I hear her moaning and gasping and I feign enthusiasm. I speed the tempo and she increases the noise. It is a veritable equation now. Thrust times speed equals volume. It is okay though because her eyes are closed and it's no longer me. I can't be a monster if I can't be seen. She is loving the feelings and has forgotten I am even there. We're just concepts to each other now. We are vague sketches used only for inspiration.

We move, I move really but her body follows me. She is squeezing me with her legs and it is fast like the tempo. The tempo I've set to her very heartbeat. Every three beats we move. Fast beats sending heated blood through her veins. Blood that forces her face to flush and her nipples to harden. Blood that makes her skin hot so that it becomes clammy and soft. Her lips are now slightly bigger than they were before I kissed them. Her body is less rigid and more relaxed. I envy her. Every breath she is made more aware of her pleasure and each of her senses only detects an invisible joy.
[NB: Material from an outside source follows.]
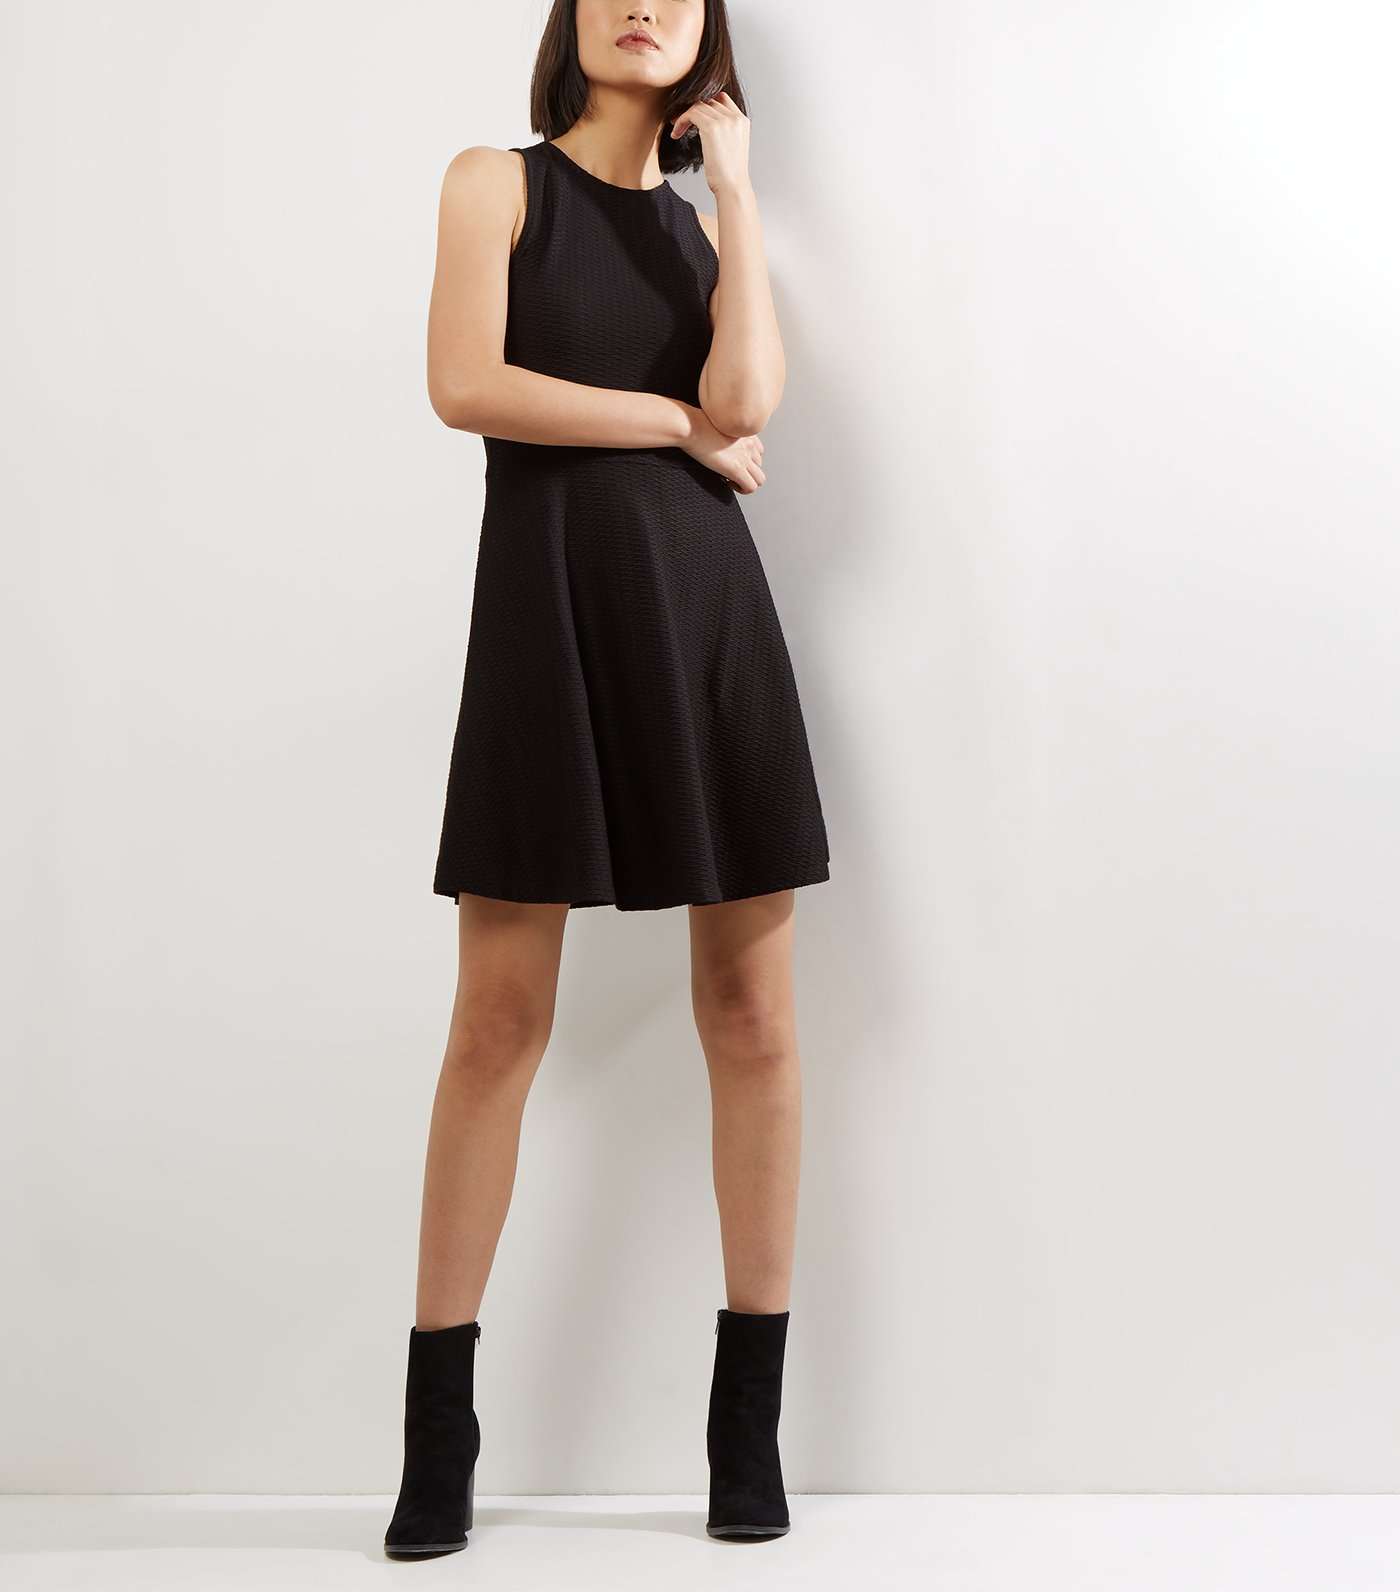 Black Jacquard Textured Skater Dress Image 2

From her toes to her head she's becoming a throbbing wave of heaven. My only joy comes from the one part of me that rests inside of heaven. She doesn't know how lucky she is. I can feel myself beginning to go.

For a few seconds I will have my reward too. Maybe two seconds at most. I unconsciously warn her with a gasp and she squeezes me with her arms and legs about me and thrusts herself to meet me once more time before it happens.

Two seconds, for two seconds the clouds part, for two seconds I am not even there anymore. I am God and the world is my kingdom. I have no body I am pure energy and it is a good energy. For two seconds I have no pain and what's more I've never had pain and never will. I don't know what pain is, or sorrow or loss. I've never been hurt or destroyed. I have never been born but at the same time I am immortal. For two seconds.

And then I am done and I exhale having forgotten to breathe. My body follows short suit and is twitching beyond my control. I look down and she is smiling at me. I no longer care about the mood. Her smile tells me that we both survived it. That it was good and I kept her happy. That she doesn't feel she has wasted herself on me. She thinks that we were one. We weren't one. We were complete though. Each complete within ourselves with the other just an abstract concept. That is what I wanted and that is what I loved about it.

I kiss her and stroke her face. She now loves me, if only for a moment.